Anna Politkovskaïa, 48 ans, a été tuée alors qu’elle sortait de l’ascenseur de son immeuble pour aller faire les courses dans sa voiture. Son meurtrier l’a visée à la poitrine avant de l’achever d’une balle dans la tête, ont rapporté les agences russes en citant des sources policières. Il a abandonné son pistolet Makarov sur place. La police a diffusé des images vidéo du suspect, le visage dissimulé par une casquette, sortant de l’immeuble.

« Un meurtre politique »
Pour beaucoup, le meurtre de la journaliste qui dénonçait les exactions en Tchétchénie, ainsi que la corruption et les atteintes aux droits de l’homme dans la Russie de Vladimir Poutine, ne peut être que lié à ses activités professionnelles. « Ce crime ne peut être que politique. Elle ne s’occupait pas de business, elle était désintéressée », relève Mme Alexeeva.

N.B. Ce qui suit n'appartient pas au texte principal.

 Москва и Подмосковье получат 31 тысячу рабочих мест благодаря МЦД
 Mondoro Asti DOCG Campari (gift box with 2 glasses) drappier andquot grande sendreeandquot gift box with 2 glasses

Un article de Politkovskaïa attendu aujourd’hui
La journaliste, qui travaillait pour le bihebdomadaire Novaïa Gazeta, préparait un article sur la torture en Tchétchénie. « Nous attendions un article pour l’édition de lundi (aujourd’hui). Elle devait l’écrire et l’avait peut-être déjà écrit », a précisé à la télévision NTV Vitali Iarochevski, rédacteur en chef adjoint de Novaïa Gazeta. Selon Dimitri Mouratov, le rédacteur en chef du journal, la journaliste « avait aussi des photographies très importantes montrant tout cela ». « Nous avons certaines de ses notes et nous allons bien sûr en publier une partie », a-t-il ajouté.
Récompensée par de nombreux prix à l’étranger, Anna Politkovskaïa avait publié plusieurs livres, dont Voyage en enfer. Journal de Tchétchénie et La Russie de Poutine. Elle est la 42e journaliste tuée en Russie depuis l’effondrement de l’URSS et la 12e depuis l’arrivée de M. Poutine au pouvoir en 2000, selon le Comité pour la protection des journalistes.